First of all, it must be clear that the nonlocal keyword is defined inside the closure. Please look at the following code:

x = 0
def outer():
    x = 1
    def inner():
        x = 2
        print("inner:", x)

    inner()
    print("outer:", x)

outer()
print("global:", x)

Result

# inner: 2
# outer: 1
# global: 0

Now, add the nonlocal keyword to the closure to declare:

x = 0
def outer():
    x = 1
    def inner():
        nonlocal x
        x = 2
        print("inner:", x)

    inner()
    print("outer:", x)

outer()
print("global:", x)

Result

# inner: 2
# outer: 2
# global: 0

See the difference?
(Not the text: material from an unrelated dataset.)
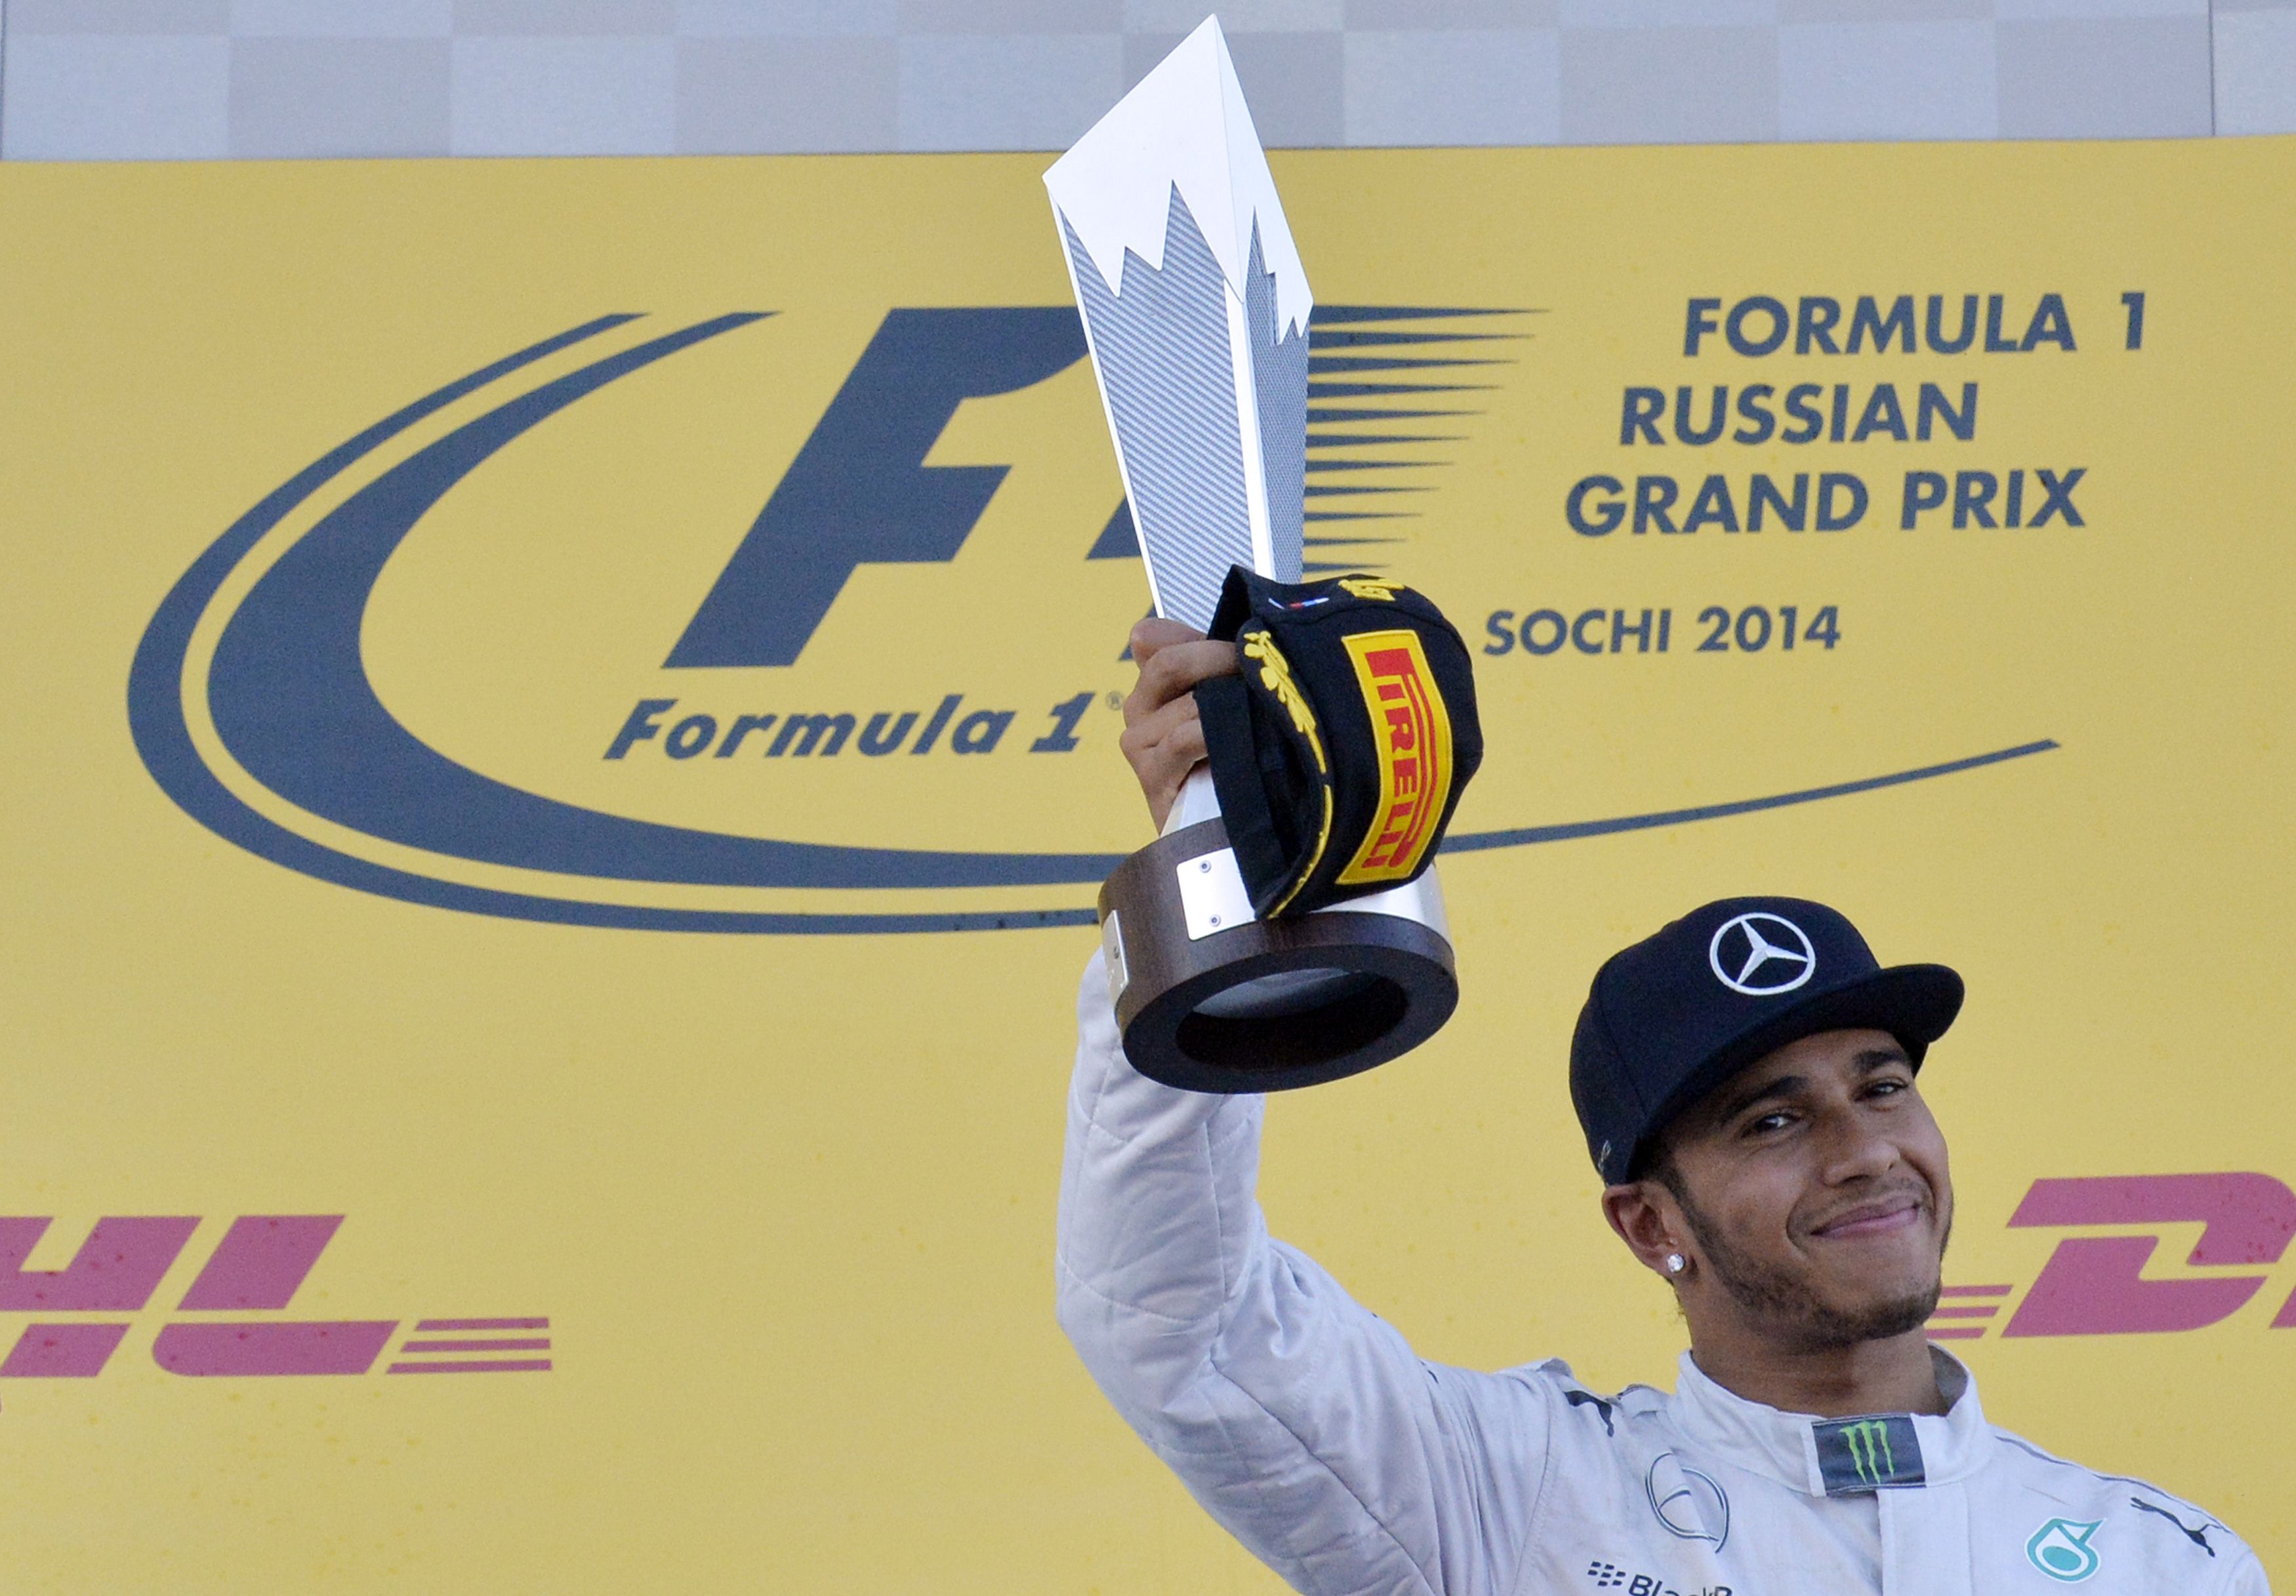 Mercedes' Lewis Hamilton raises his trophy after winning the inaugural Russian Formula 1 Grand Prix at the Sochi Autodrom. Photo: AFP

This is a function with another function nested inside it. When nonlocal is used, it is declared that the variable is not only valid
within the nested function inner(), but is valid within the entire large function.

global

Still the same, let’s look at an example:

x = 0
def outer():
    x = 1
    def inner():
        global x
        x = 2
        print("inner:", x)

    inner()
    print("outer:", x)

outer()
print("global:", x)

Result

# inner: 2
# outer: 1
# global: 2

global starts with variables in the entire environment Acts on variables of function class instead of on variables of function class.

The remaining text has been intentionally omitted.